Co-supervisor: Prof. Dermot O'Hare

Commercial partner: iuvantium

 

Developing new potent, safe and durable vaccine modalities is imperative in the face of pathogen outbreaks and future pandemics. Vaccine adjuvants are a potent platform that can satisfy this need. However, the best adjuvant compounds are proprietary, inaccessible to academic vaccine developers and to the wider research community. Moreover, due to our inadequate understanding of their mechanism of action, current adjuvants cannot be rationally tailored to fit different disease settings, presenting a major hindrance to designing formulations for successful clinical deployment. In particular, innate immune responses to vaccines are poorly described and largely neglected by vaccinologists. Yet these early events dictate the quality, strength and kinetics of the subsequent adaptive immunity, and ability to provide durable protection.

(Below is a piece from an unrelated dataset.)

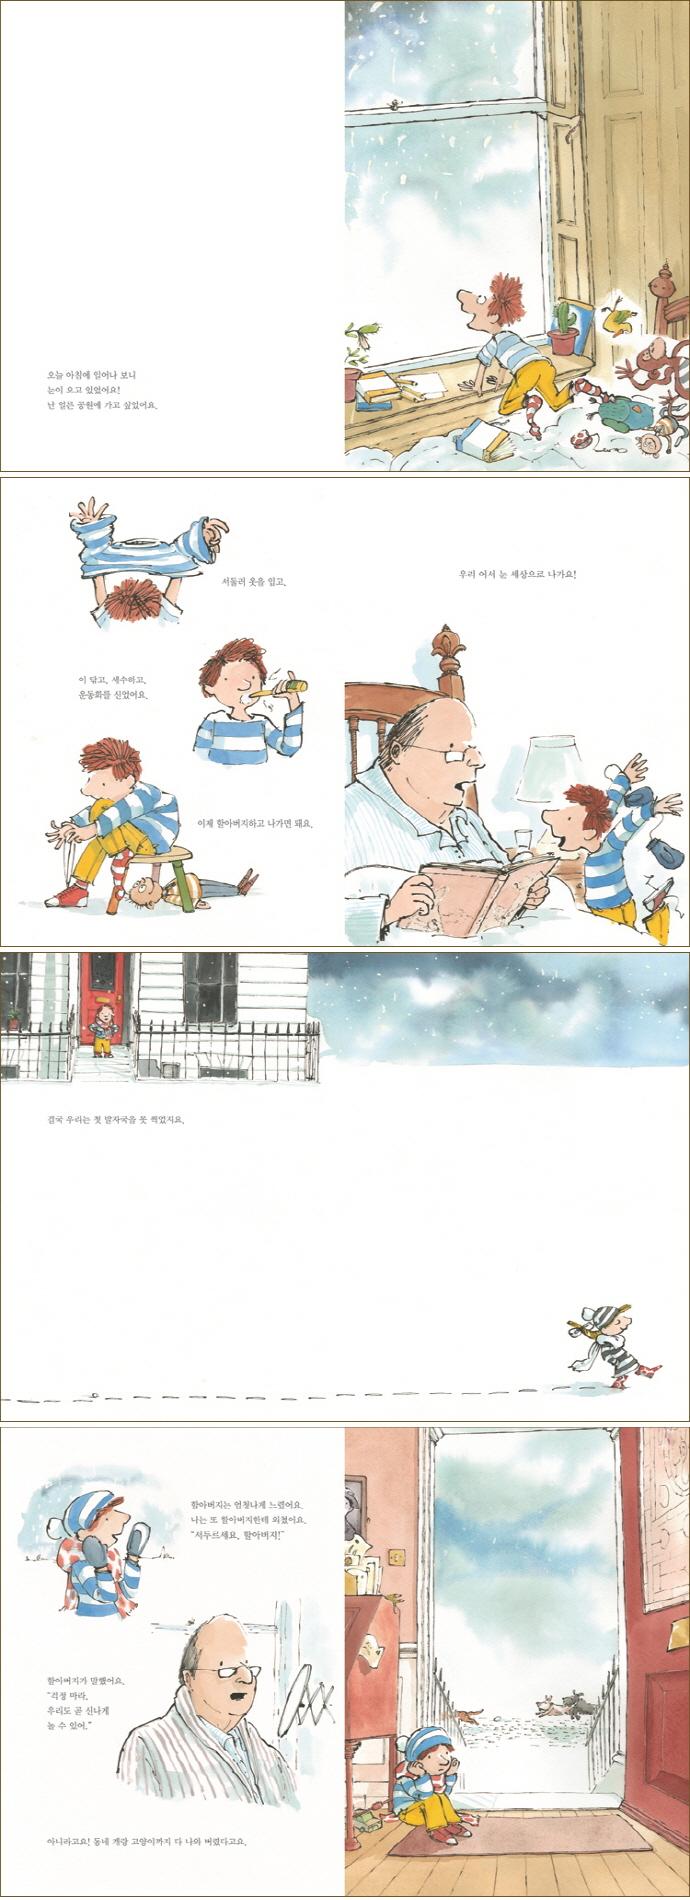 Snow(스노우)(베스트 세계 걸작 그림책)(양장본 HardCover) 도서 상세이미지

For this iCASE studentship we partner with iuvantium, an Oxford-based start-up that is rationally designing and engineering novel inorganic compounds as vaccine adjuvants, in a cross-disciplinary approach to next generation vaccine design. The chemical composition of these compounds directly controls their immunological properties (Williams et al., JEM, 2014), with specific types of immune responses induced by tailoring physico-chemical properties, e.g. particle size and surface chemistry.

Using established in vitro and in vivo pre-clinical models, with SARS-CoV-2 Spike protein as antigen, the project will characterise in detail the innate and adaptive immune responses to an available library of inorganic modulators to establish parameters for further mechanistically informed adjuvant design. Adjuvant-induced signalling will be assessed in a range of innate immune cell types, and aligned with the ensuing adaptive responses in mice. Machine learning will be employed to iteratively improve adjuvant chemistry and morphology for improved performance. Vaccine efficacy will be determined using pseudo-virus neutralisation assays, to identify the most promising compounds for further clinical development.

This cross-disciplinary project offers the candidate the unique opportunity to get trained across a range of disciplines, from inorganic chemistry to cellular and systemic immunology, and the prospect to experience creative research at an immunobiology start-up in addition to the mechanistically informed approach to rational vaccine design at the Jenner Institute.